R: Influence of redox potential on bacterial protein evolution

orp16S {JMDplots}

R Documentation

Influence of redox potential on bacterial protein evolution

Description

Plots from the paper by Dick and Meng (2023).

Usage

  orp16S_1(pdf = FALSE)
  orp16S_2(pdf = FALSE)
  orp16S_3(pdf = FALSE)
  orp16S_4(pdf = FALSE)
  orp16S_5(pdf = FALSE)
  orp16S_6(pdf = FALSE, EMP_primers = FALSE)

  orp16S_S1(pdf = FALSE)
  orp16S_S2(pdf = FALSE)

  orp16S_info(study)
  orp16S_T1(samesign = FALSE)
  orp16S_D3(mincount = 100)

  getmdat_orp16S(study, metrics = NULL, dropNA = TRUE, size = NULL, quiet = TRUE)
  getmetrics_orp16S(study, mincount = 100, quiet = TRUE, ...)

Arguments

`pdf`	logical, make a PDF file?
`EMP_primers`	logical, include only datasets using Earth Microbime Project primers (515F/806R)?
`study`	character, study name
`samesign`	logical, only count slopes with same sign of minimum and maximum values in the 95% CI?
`mincount`	integer, samples with less than this number of RDP classifications are excluded
`metrics`	data frame, output of `get_metrics`
`dropNA`	logical, exclude samples with NA name in metadata?
`size`	numeric, number of samples to randomly select
`quiet`	logical, change to FALSE to print details about data processing
`...`	additional arguments passed to `read_RDP`

Details

This table gives a brief description of each plotting function.
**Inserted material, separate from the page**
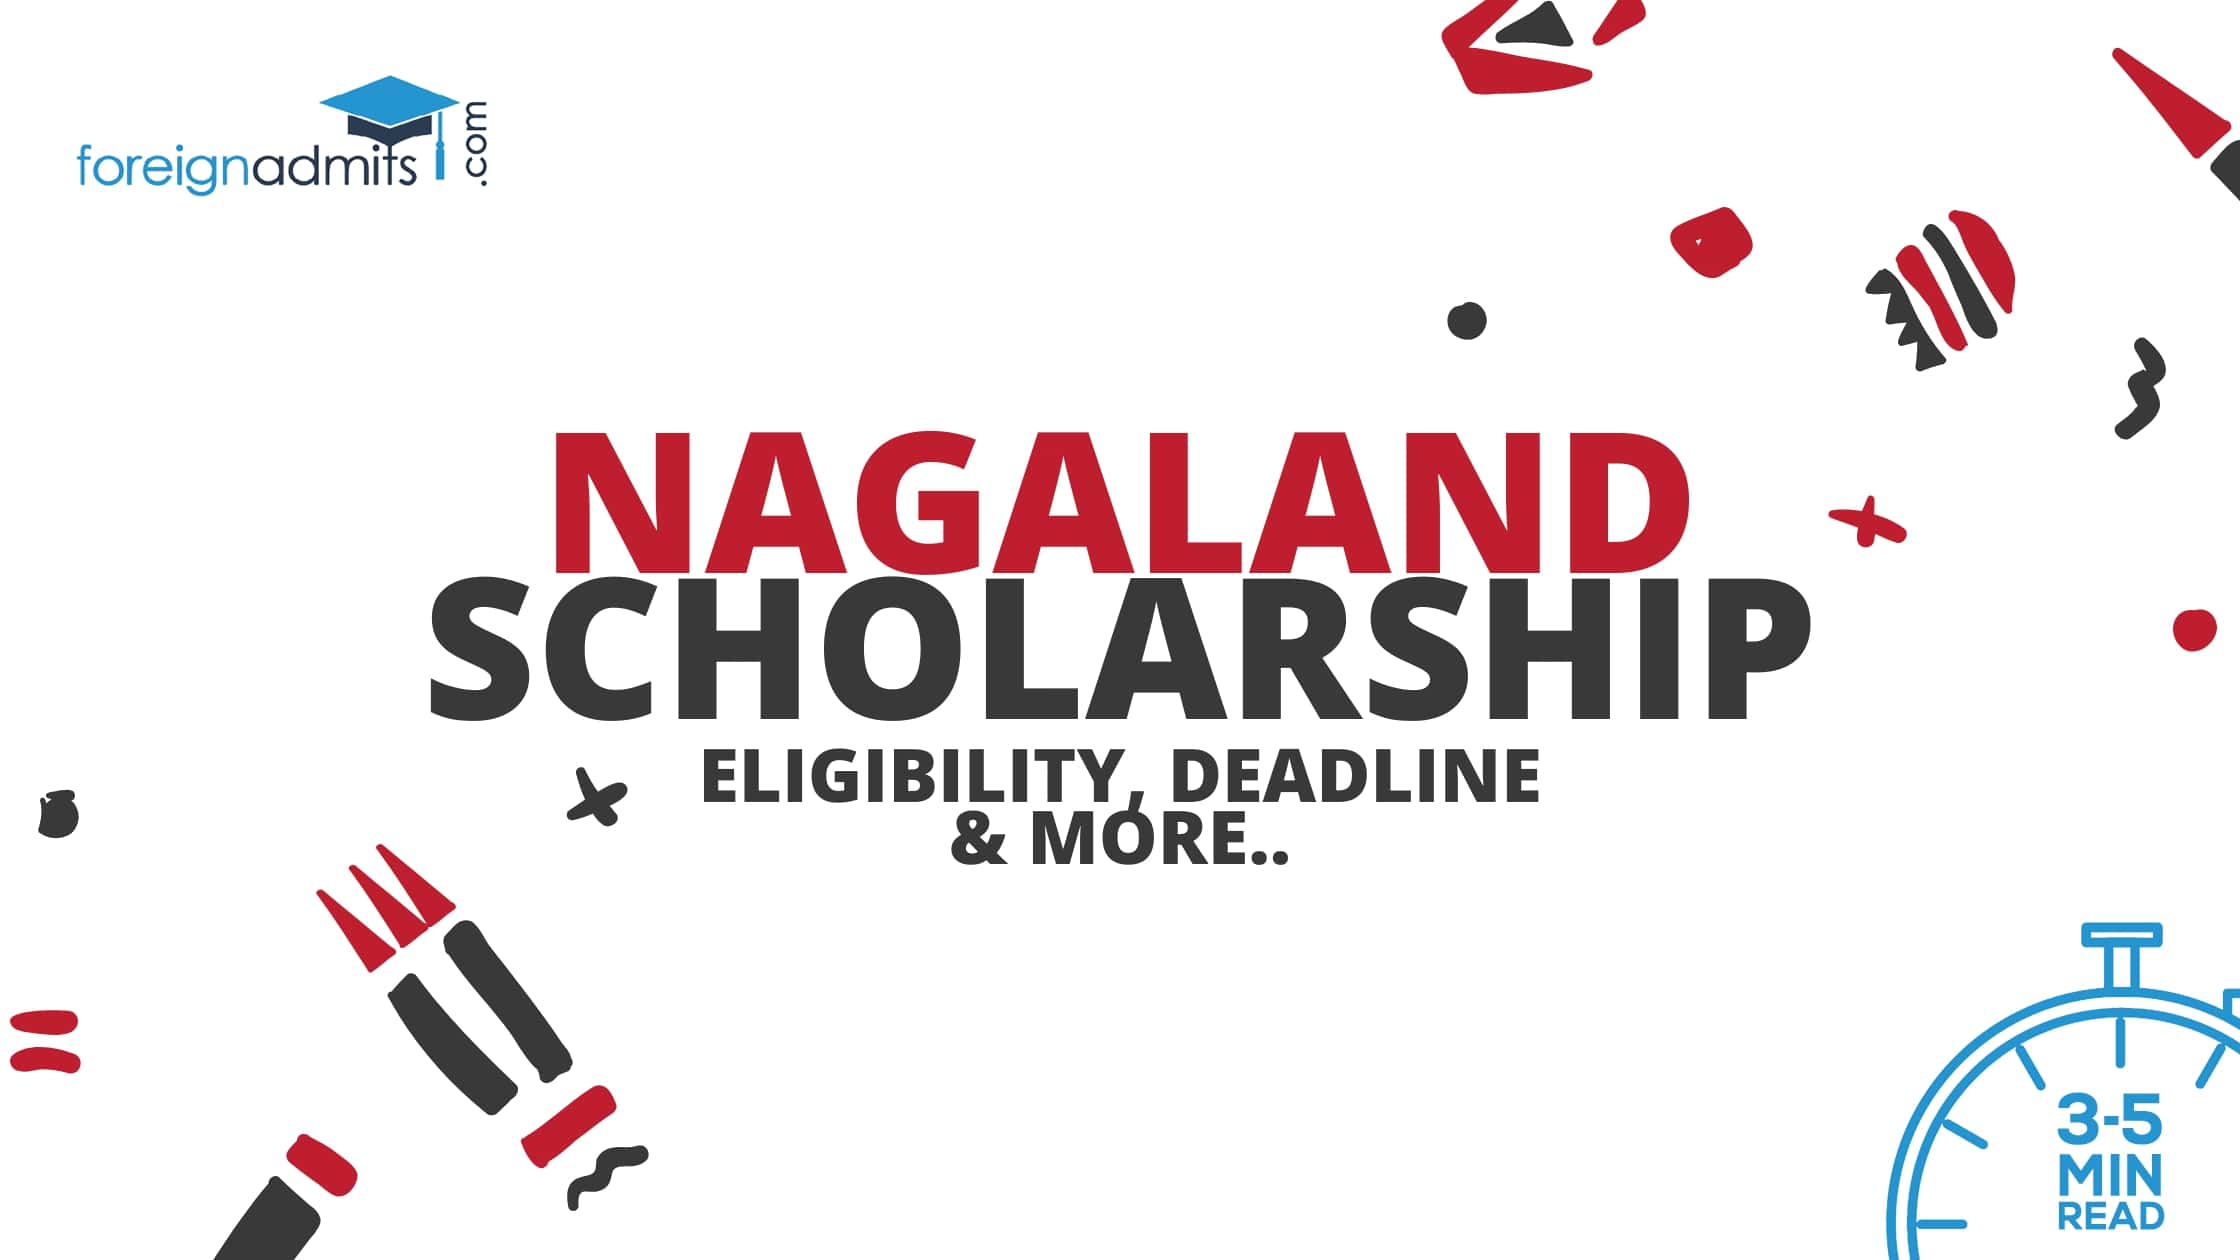 Nagaland Scholarship – Eligibility, Deadline, & More
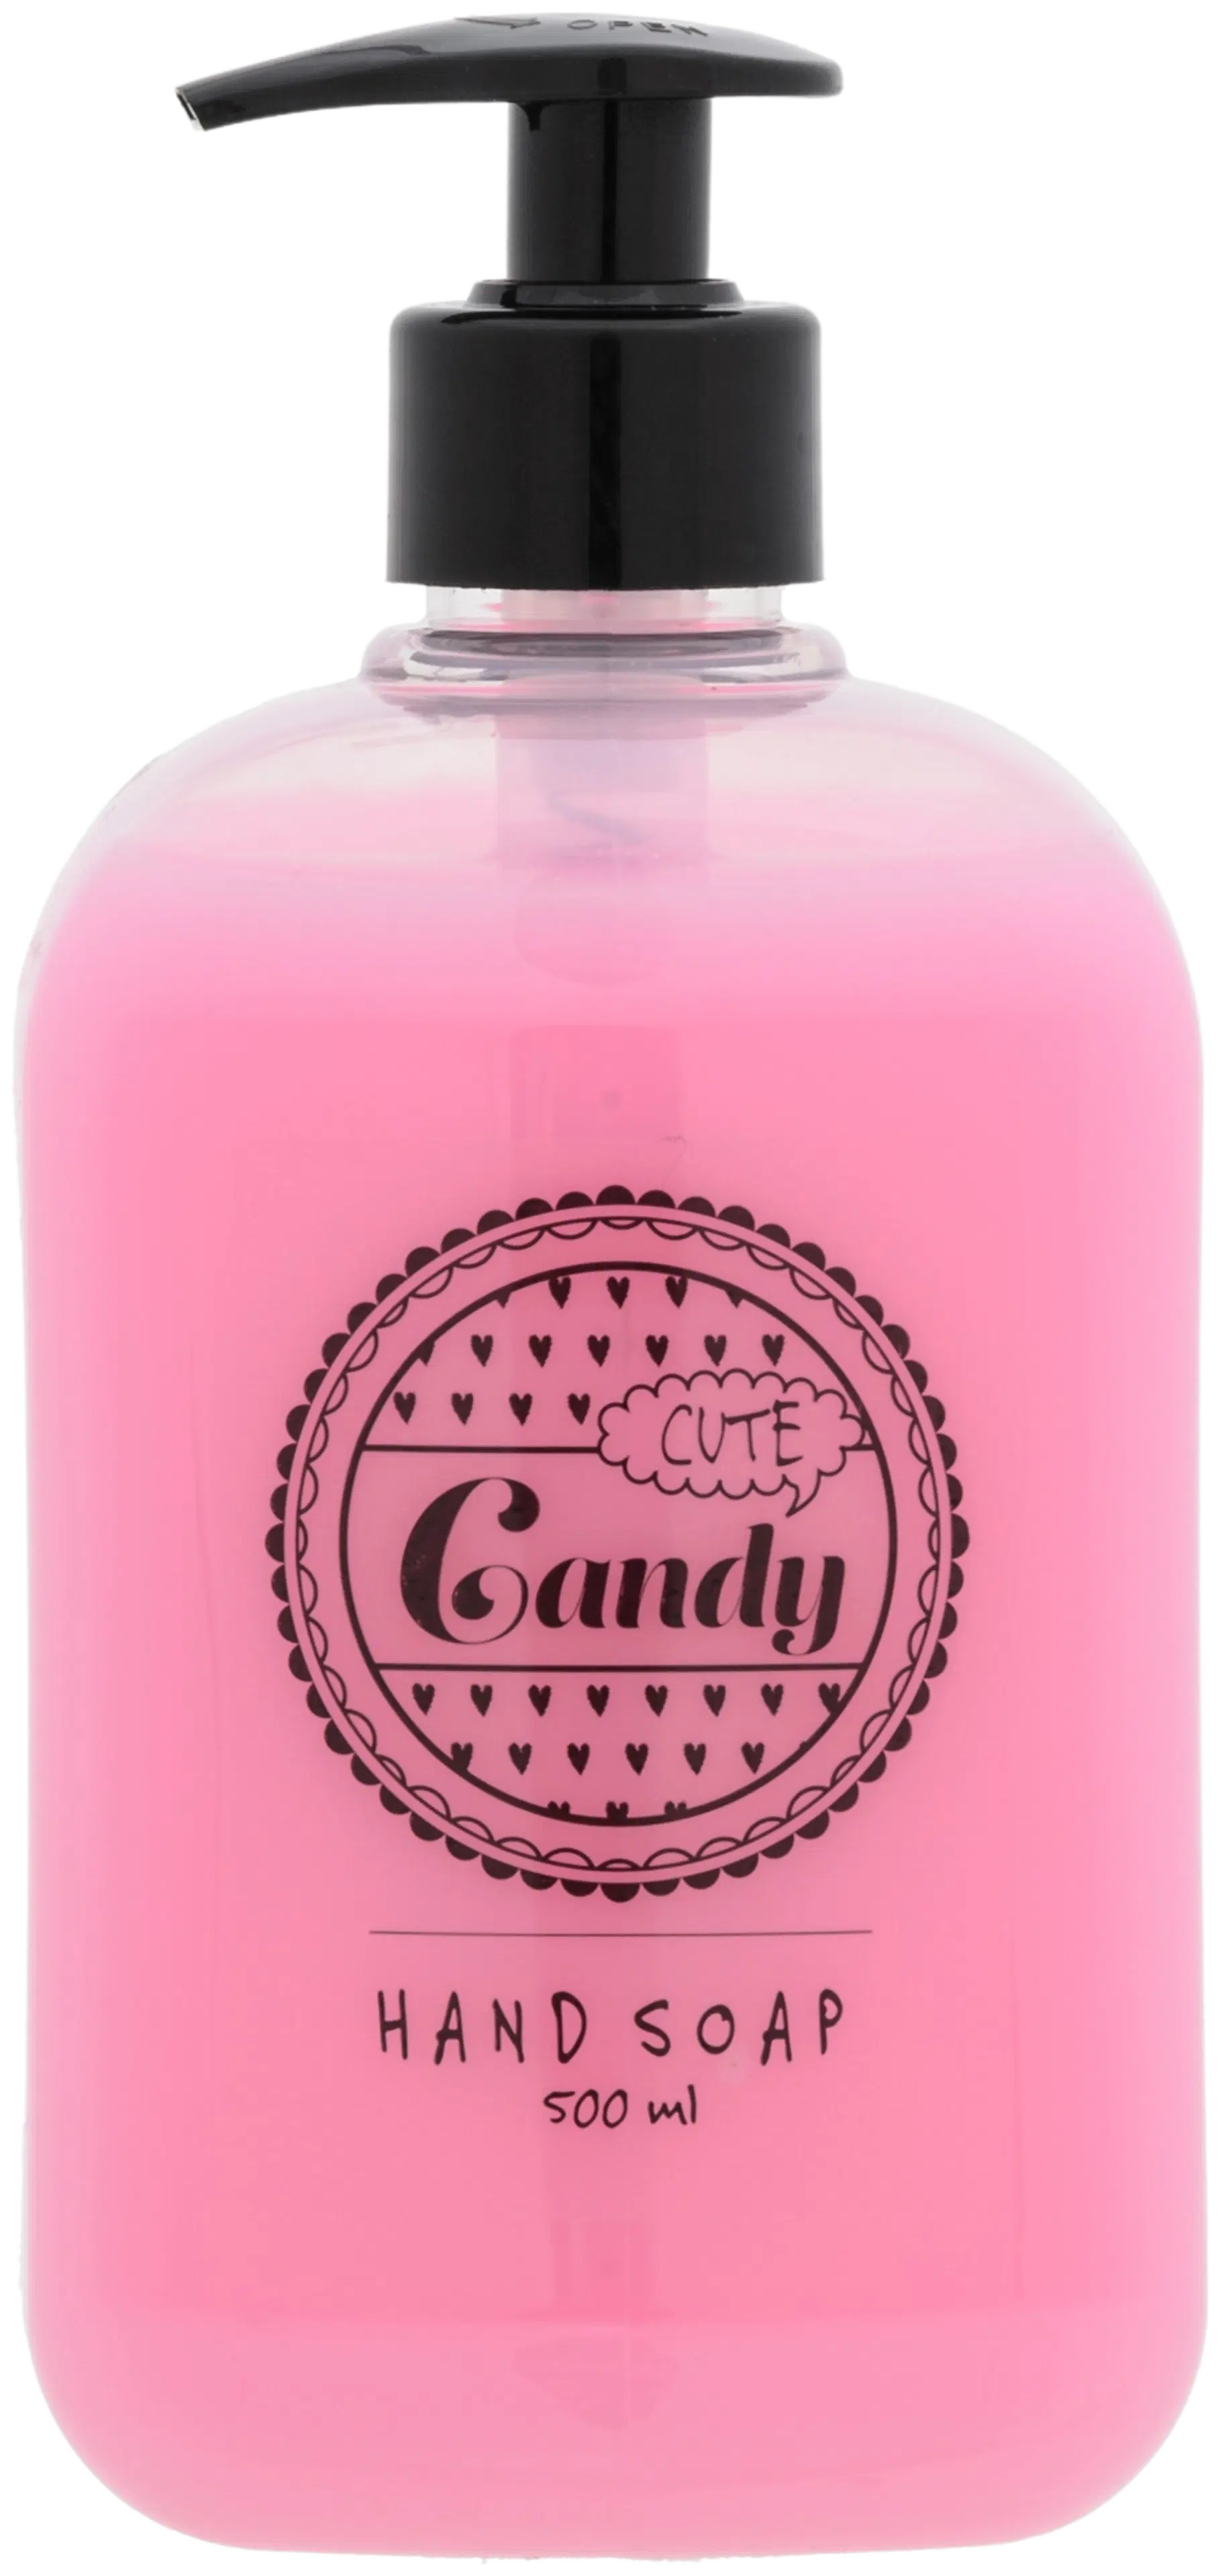 Candy nestesaippua Pink Candy 500 ml

`orp16S_1`	Thermodynamic model for the relationship between carbon oxidation state of reference proteomes and redox potential
`orp16S_2`	Z_C of reference proteomes compared with oxygen tolerance and with metaproteomes
`orp16S_3`	Methods overview and chemical depth profiles in Winogradsky columns
`orp16S_4`	Sample locations on world map and Eh-pH diagram (outline is from Baas Becking et al., 1960)
`orp16S_5`	Associations between Eh7 and Z_C at local scales
`orp16S_6`	Associations between Eh7 and Z_C at a global scale. Set `EMP_primers` to TRUE to make Figure S3.
`orp16S_S1`	Z_C-Eh scatterplots for each dataset
`orp16S_S2`	Comparison of Eh7, Eh, and O₂ as predictors of carbon oxidation state

orp16S_S1 creates the files ‘EZdat.csv’ and ‘EZlm.csv’ that are used by the other plotting functions and correspond to Datasets S1 and D2 in the paper. ‘EZdat.csv’ has sample data and metadata: study key, environment type, lineage (Bacteria or Archaea), sample name, SRA or MG-RAST accession number, grouping description, sample group, values of T (°C), pH, O₂ concentration (μmol/L), Eh (mV), Eh7 (mV), and Z_C. ‘EZlm.csv’ has regression results for each dataset and domain: study key, environment type, lineage, number of samples, Eh7 range, slope (V^-1) and intercept (Z_C) of of linear regression, and Pearson correlation coefficient.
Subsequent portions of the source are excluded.